Covid-19 and the Criminal Law

Wed, 05 Aug 2020

When ‘lockdown’ was announced on 23 March 2020, in many ways it halted the pace of modern life. Overnight, roads were gutted of traffic, shops and public houses were locked and the nation began to adjust to a life spent largely in their own homes. In the same fashion, around the country, criminal courts closed their doors to in-person hearings. This did not mean, though, that the criminal law was about to be placed on pause. In fact, the result was quite the opposite.
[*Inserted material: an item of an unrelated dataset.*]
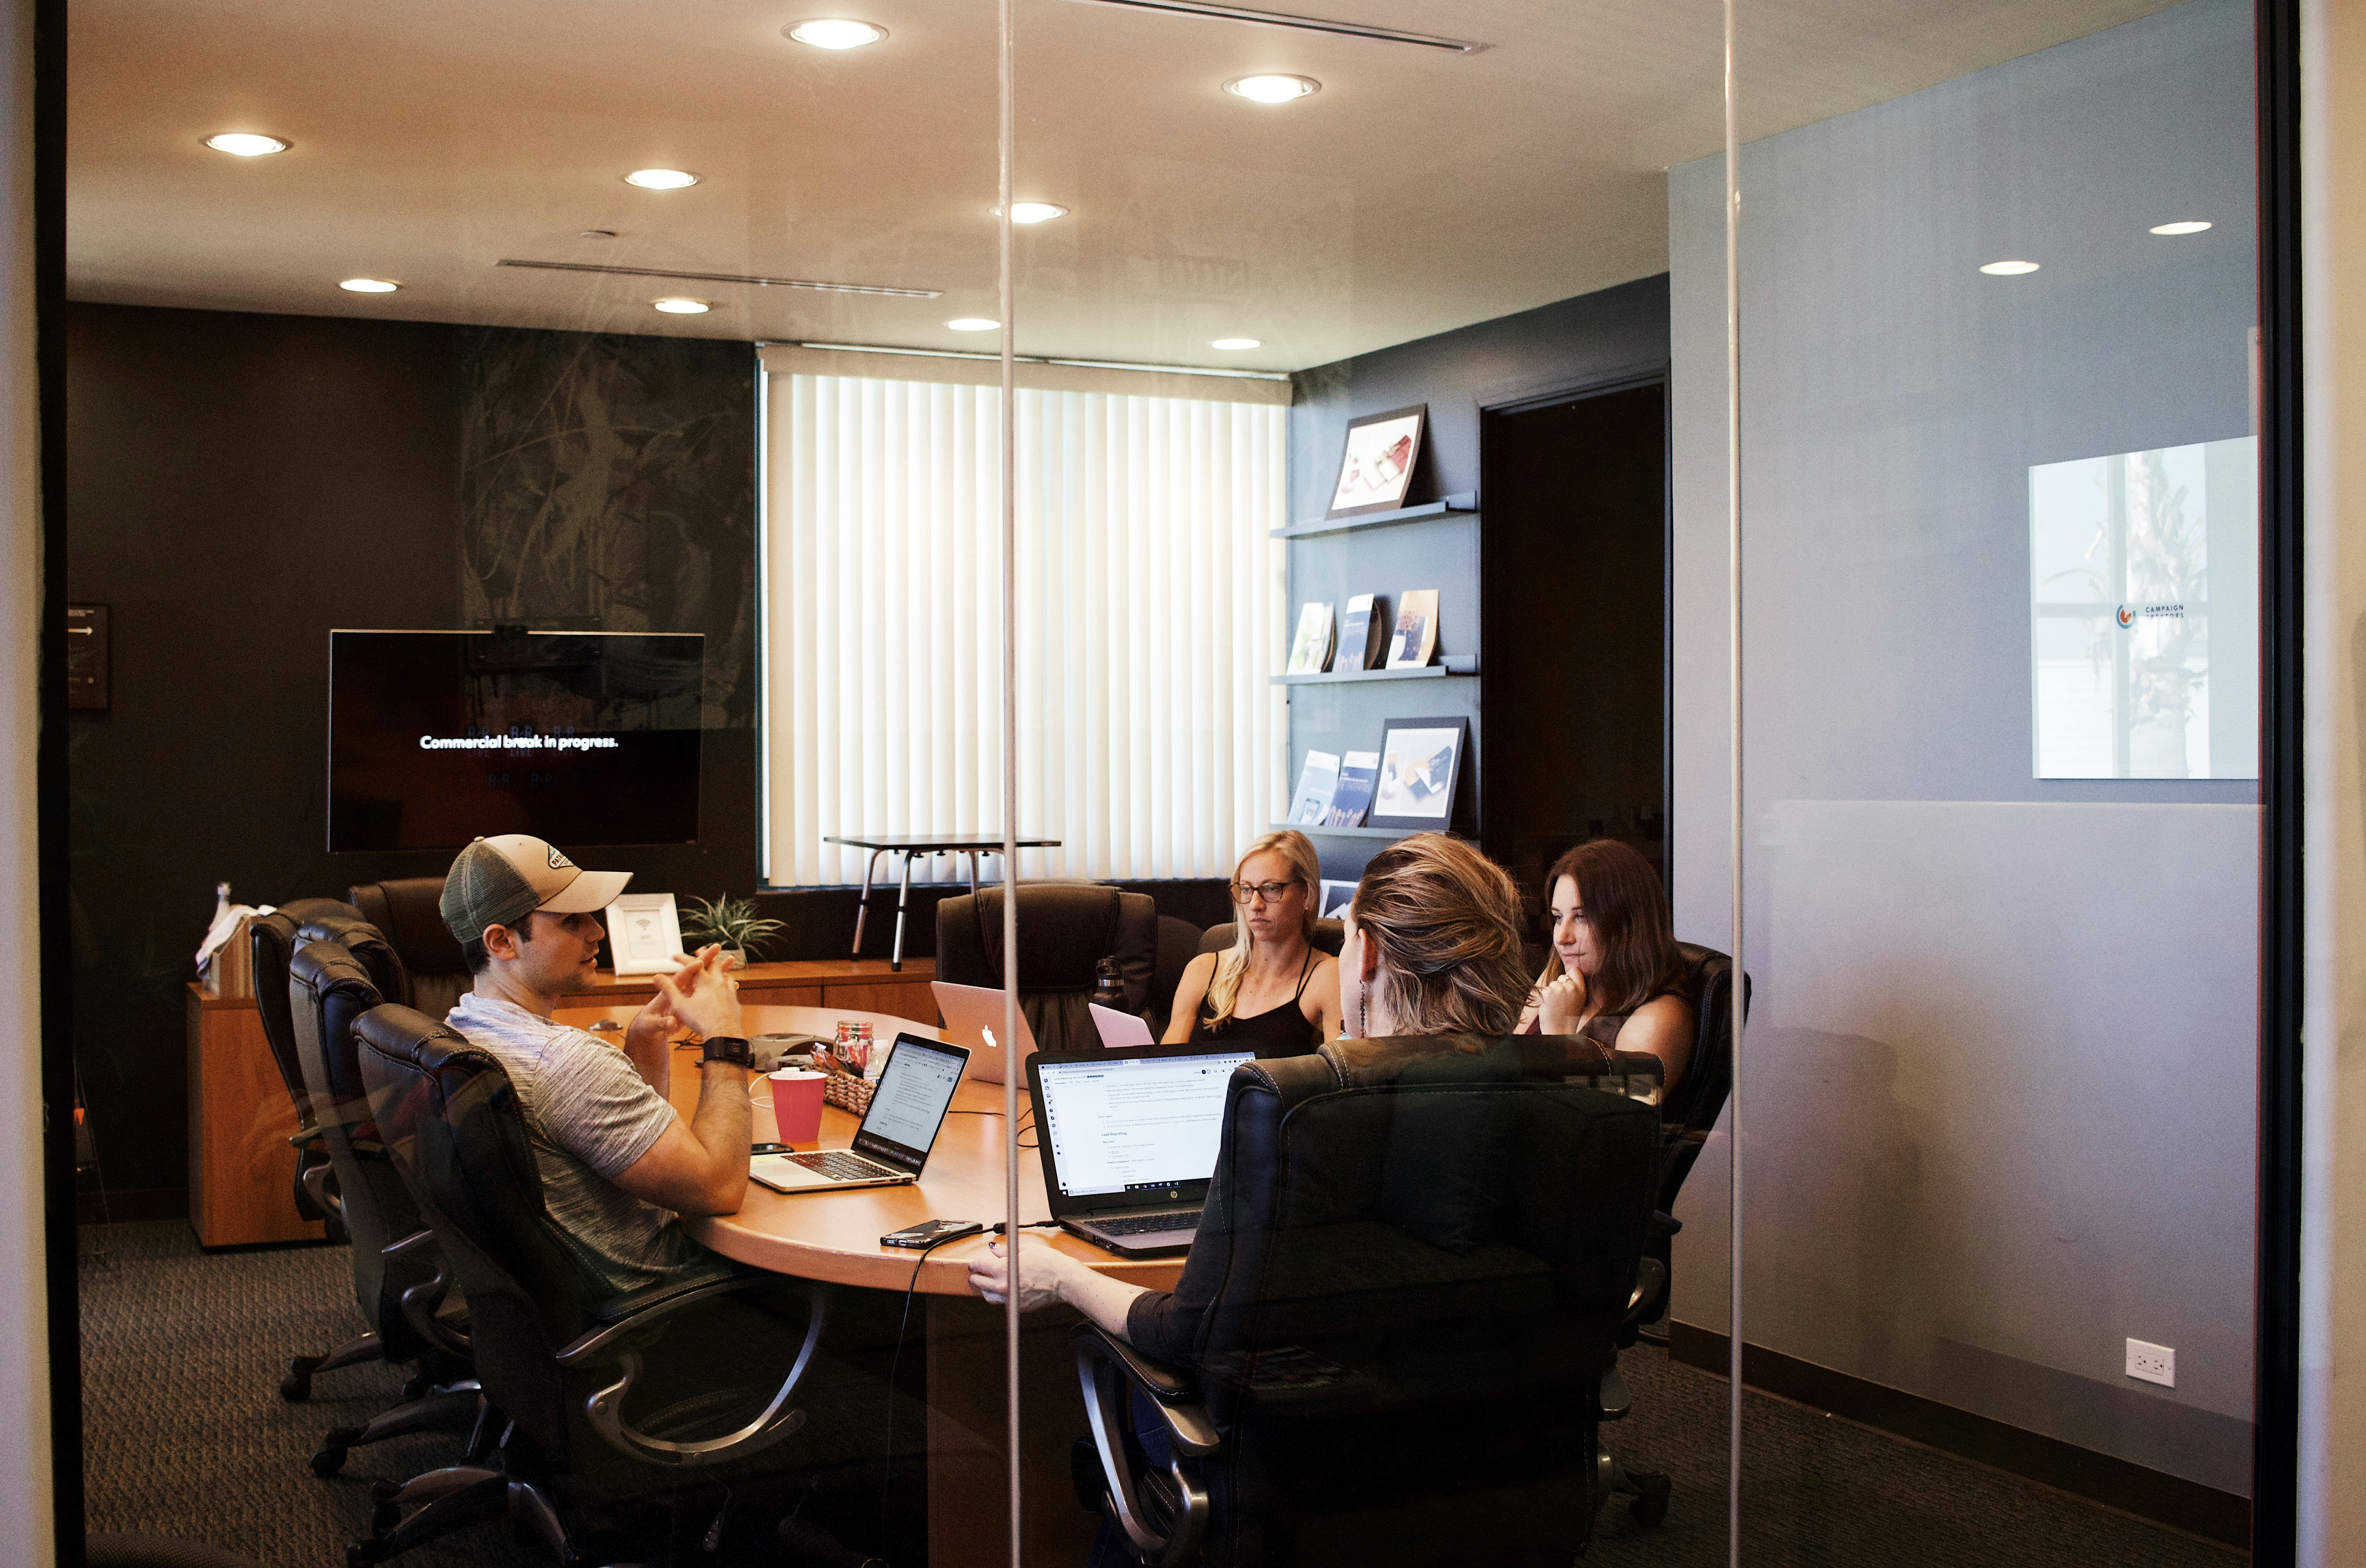 Group of people having a meeting in an office board room with laptops, audio systems and TV's

First, after a meteorically rapid journey through the Houses of Parliament, the Coronavirus Act 2020 came into force only days after ‘lockdown’ began. Within that Act were set out a number of new criminal offences. Practitioners may be relieved to know that of the 545 pages that comprise the Act, though, they can focus on Schedules 21 and 22. Within those Schedules are a number of powers afforded to public health officials, immigration officers and constables when dealing with infectious or potentially infectious persons. They also include a number of provisions that make it an offence for an infectious or potentially infectious person to fail to comply when the officials exercise their powers under the Act. It should be remembered, though, that a person can only be required to comply if they are infectious or potentially infectious. If that is not the case, then they are not required to comply and so cannot commit an offence for failing to do so.

Secondly, alongside the Act came the Coronavirus Regulations 2020. These Regulations contain a number of provisions for how everybody – whether infectious or not – should act. Regulation 9 makes it a criminal offence to contravene a requirement in Regulations 4, 5, 7 or 8 without a reasonable excuse, or to contravene a requirement in Regulation 6. Those Regulations cover gatherings, staying overnight at a place other than one’s home, opening business premises and enforcement by an appropriate officer.
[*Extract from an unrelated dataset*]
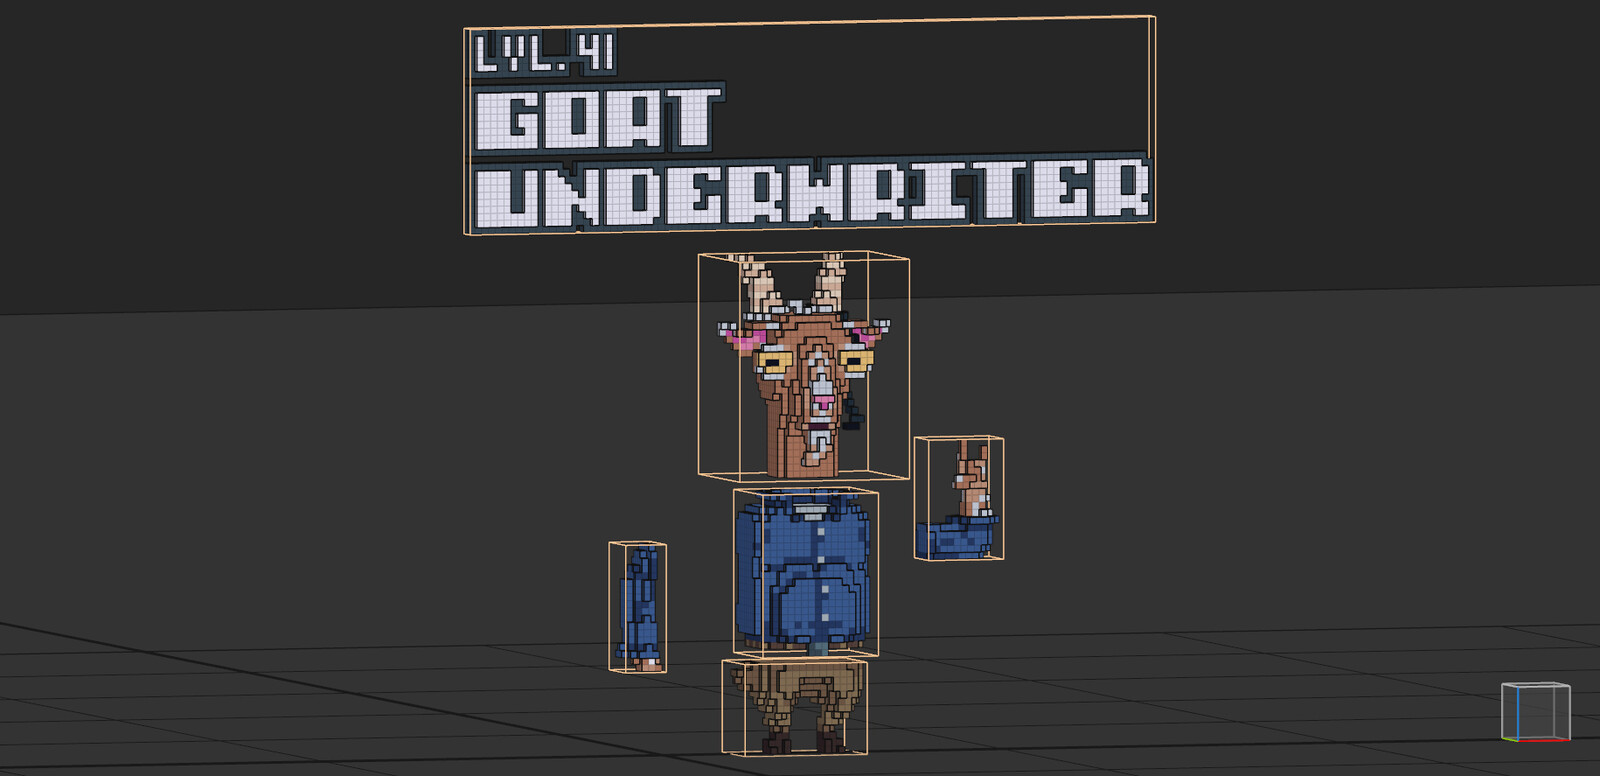 Workspace view of voxel Goat Underwriter character and logo within the Magicavoxel software interface.

It will be essential for any person representing someone charged with an offence under the Coronavirus Act 2020 or the Coronavirus Regulations to: 1) ensure that their client has been charged under the correct instrument, given that the Act only applies to potentially infectious or infectious persons; 2) ensure that they are aware of which version of the Regulations was in force at the time, given the numerous and quick changes that have been made to the rules.

Thirdly, existing offences were not exempt from impact. With a nation turning online for its needs, people were increasingly vulnerable to online crime. Those trapped in the house with their abuser had little to no respite or means of seeking help. A misconception that saw some people blaming people of Chinese ethnicity for the virus resulted in an increase in racially based hate crime. So it was that we saw an increase in cases of hate crime, domestic abuse, ‘revenge porn’, and online fraud, amongst others.

Finally, the way the criminal courts functioned underwent a large-scale overhaul. Virtual hearings were implemented for all cases that did not involve witnesses. Trials were adjourned in their tens of thousands. Heated debate took place as to the best way to move forward, to ensure that safety was not disregarded whilst attempting to pull trials out of an ever-widening backlog.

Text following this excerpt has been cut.